Concordia Lutheran Seminary

Seminaries Sunday

This year’s Seminaries Sunday is celebrated in the month of September. Congregations have the opportunity to incorporate Seminaries Sunday throughout the month of September as it best fits into their local celebrations of Christian education. LCC’s seminaries are crucial for the continued provision of trained and qualified leadership in the parishes across the country. Designating a Sunday in September is a good opportunity for the churches to hear about the work of the seminaries. Speakers can remind listeners about the importance of the seminaries and invite congregations to pray for the schools and their students, faculties, and staffs.

Canada’s two LCC seminaries are working together to provide resource materials and to promote Seminaries Sunday. Concordia Lutheran Seminary in Edmonton, AB, and Concordia Lutheran Theological Seminary in St. Catharines, ON, have developed joint material for use by local congregations. Sermon notes and a bulletin cover have been produced that LCC congregations can download and print. The art work is also available for mail out.

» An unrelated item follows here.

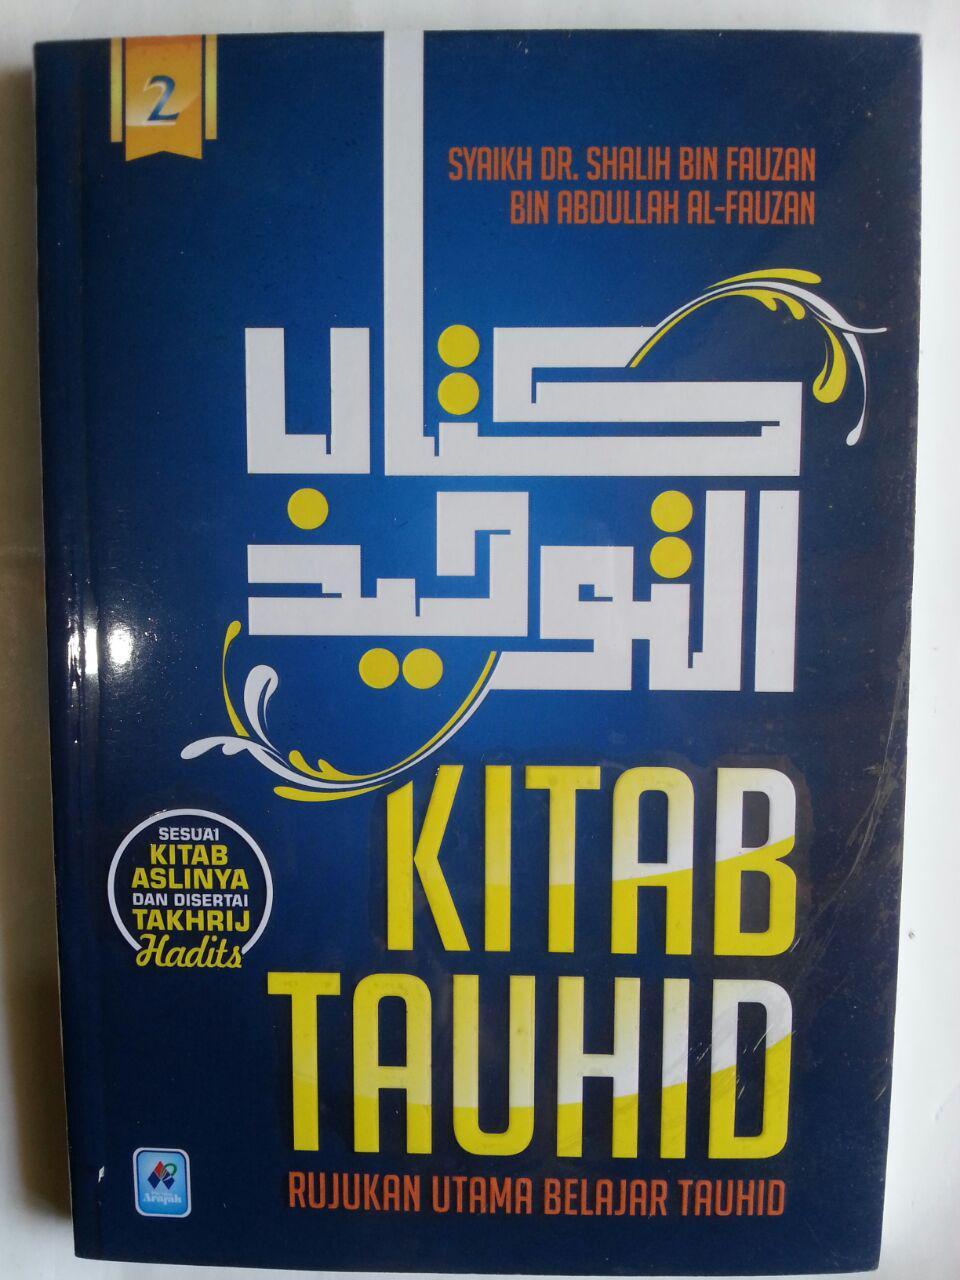 Buku Kitab Tauhid Rujukan Utama Belajar Tauhid 1 Set 3 Jilid cover 4
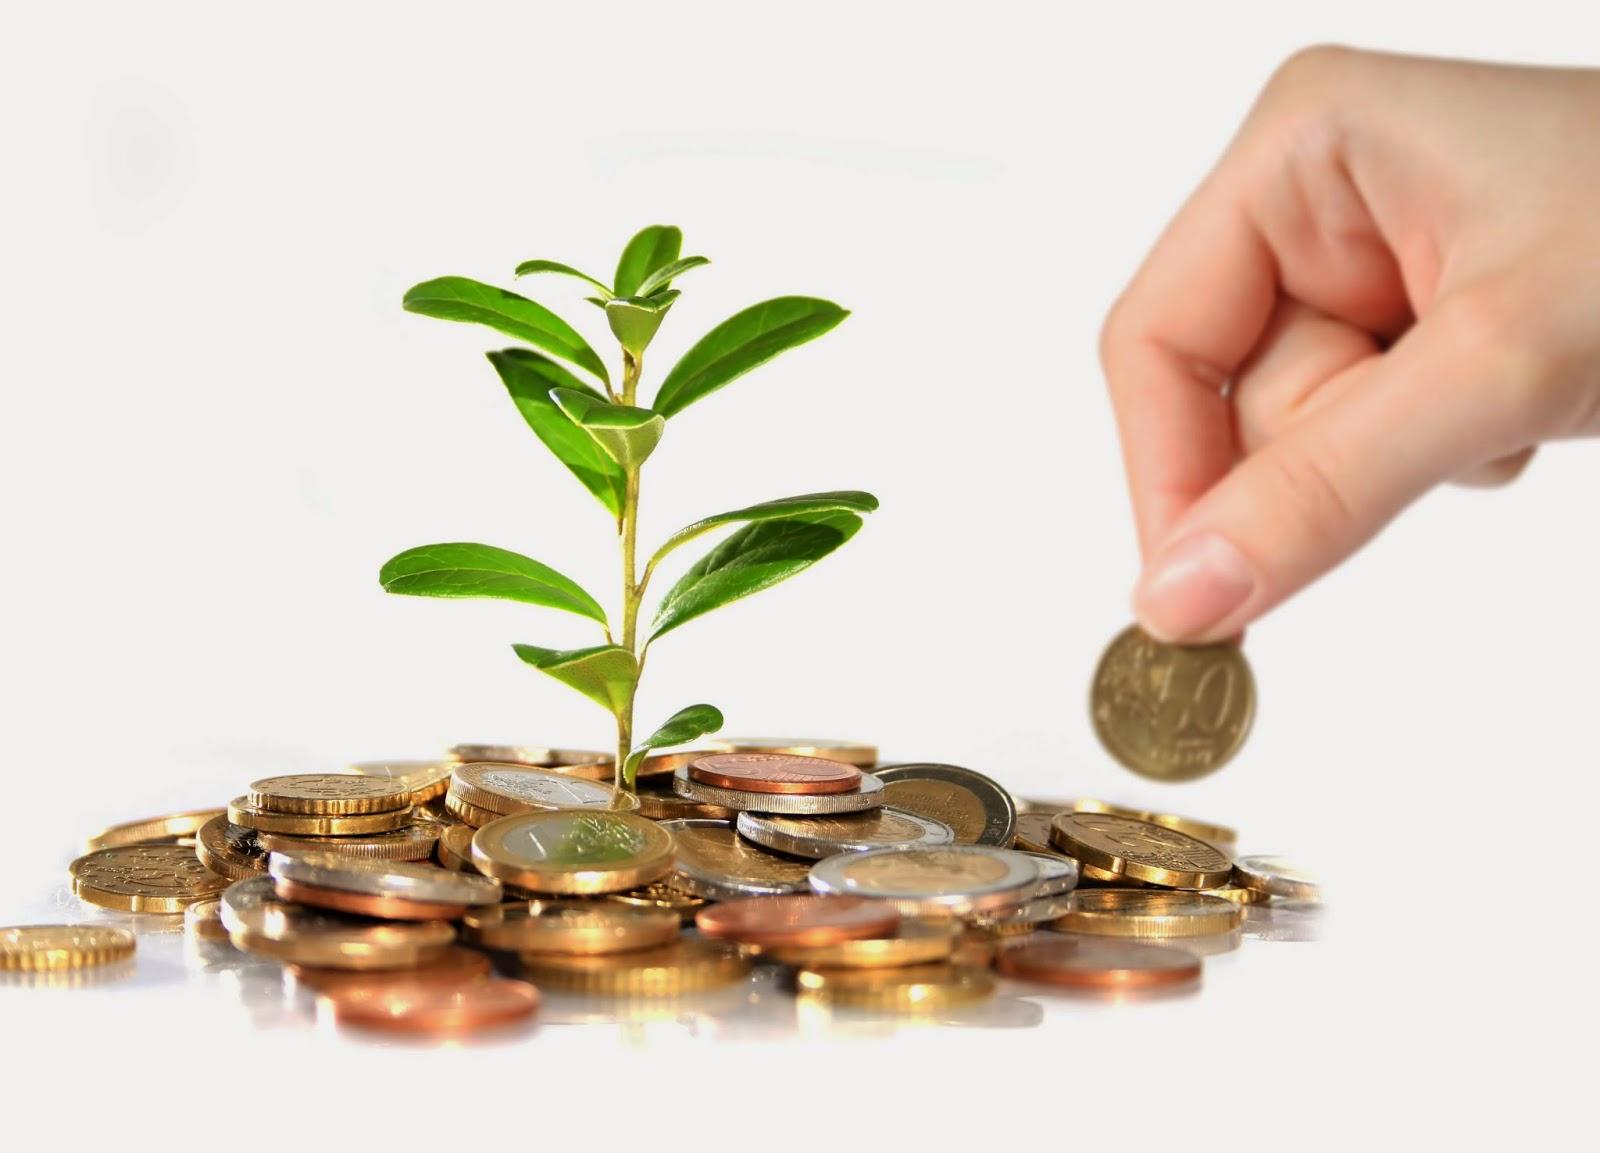 Các trường hợp nhà đầu tư thực hiện thủ tục đăng ký góp vốn, mua cổ phần, phần vốn góp vào tổ chức kinh tế.

Both CLS and CLTS are graduate schools of Lutheran Church–Canada. With an undergraduate degree in hand, students prepare for pastoral ministry. Students preparing for the ministry take over 30 master’s-level courses; engage in a final-year research project; face an oral exam based on their research; are questioned twice in their first year by a committee which assesses their suitability for ministry; involve themselves actively in the life of a field congregation in which they’re placed for their first two years; uproot themselves in year three to serve as vicars in a 12-month internship in another congregation; and are assigned their first call - they go wherever LCC places them. Seminary preparation is disciplined and demanding work.

This graduate-level education carries no small price tag: tuition alone for the four years (including vicarage) costs over $24,000; add to that “incidental fees,” which are not so insubstantial; plus the cost of books, and lots of them; plus room and board off campus. Each student makes plenty of sacrifices to obtain this educational experience: the student pays his own way, albeit with financial help, usually from family, home congregation, district, church auxiliaries, and donors to the seminaries. Typically, students give up full-time work and income, borrow money, budget rigorously, and live austerely.

But the seminaries’ pursuits are more necessary now than ever: now more than 60 of the 320-or-so LCC churches have pastoral vacancies — that’s one in six; what’s more, 50 LCC pastors were eligible to retire during one recent three-year period, and some of them have retired; the situation is not getting better.

If there’s a shortage of pastors, if that’s the problem, then the seminaries are the solution: your seminaries forge pastors, well-schooled in ministry, well-grounded in the faith. You can’t have a pastor without a seminary! Think of the seminaries as the providers; think of the pastor as the end result of the seminary experience; think of the parishioners as being the beneficiaries of the seminaries’ ministry.